Your 2018 plan – a contrarian view

Photo credit: https://www.flickr.com/photos/30478819@N08/ Creative commons license

Photo credit: https://www.flickr.com/photos/30478819@N08/ Creative commons license

Leadership Imperatives for complexity #6 – Create directional vectors for guidance

Do you have clear, specific goals for 2018? Maybe even SMART goals? That’s what you’re supposed to do, right? For much of what you need to accomplish this year, that’s probably good. And for some of your most important work, that kind of goals may be what my colleague Carolyn Coughlin calls “anti-helpful.”

What?!? Goals can be useless or worse? Yes, in complex situations.

You’re probably up to some big things this year -  solving a tough social problem, entering a new region with your product, redefining your business around a new opportunity, etc. For that stuff, it’s unlikely that things will be tidy and predictable. You’ll find yourself in the realm of complexity, not just very complicated but truly complex . When we’re working with complexity, it’s often more useful to think in terms of direction than destination.

Here’s an example. Let’s say your mission is to ensure that every kid in your city has an opportunity for a great education. This year, you want to keep doing the programs you know help AND you want to move the needle in ways that you know your current programs simply can’t do. You can describe that second part in general terms, but if you try to prematurely define the outcome as a SMART goal, it just won’t work. It may feel forced or artificial and it will likely close off creative options you can’t see yet.

Instead, you can paint the big picture – a big leap in our ability to ensure educational opportunities for all our kiddos. And you can describe some directional vectors – things you want more or less of. More willingness to make bold plays, less concern about what makes people comfortable, more experiments where we can’t predict what will happen, less guesswork and more data, etc.

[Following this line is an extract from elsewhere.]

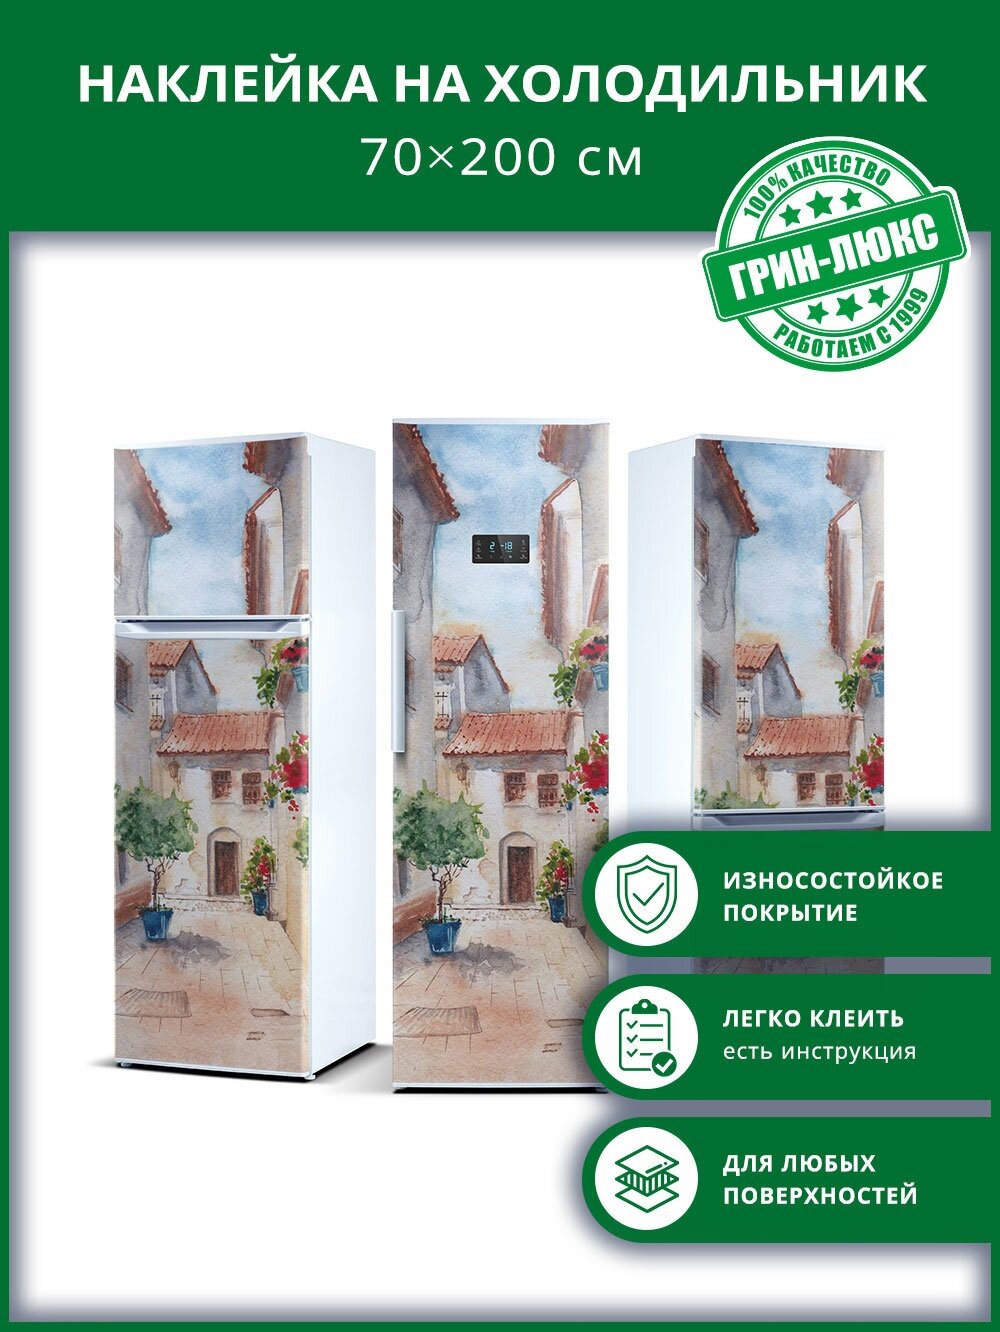 Наклейка с защитным покрытием на холодильник "Солнечная Испания 70х200"

It can be uncomfortable to acknowledge that our destination isn’t totally clear. Many of us feel that as leaders, it’s our job to announce a clear destination. But the more complex the situation is, the more we need to acknowledge what’s unknowable about the situation, including possibly our destination. The most effective leadership move in these situations is to acknowledge the questions that can’t be answered and clarify what we do know about the direction, letting go of our need to announce our destination.

For more on complexity, see my earlier posts in this series. Here’s the first one.

Learning in action:
Consider what you or your team most want to accomplish. Where can you be really clear about the outcome? Where is that unknowable? For the unknowable situations, are there general directions of movement that might move the ball forward?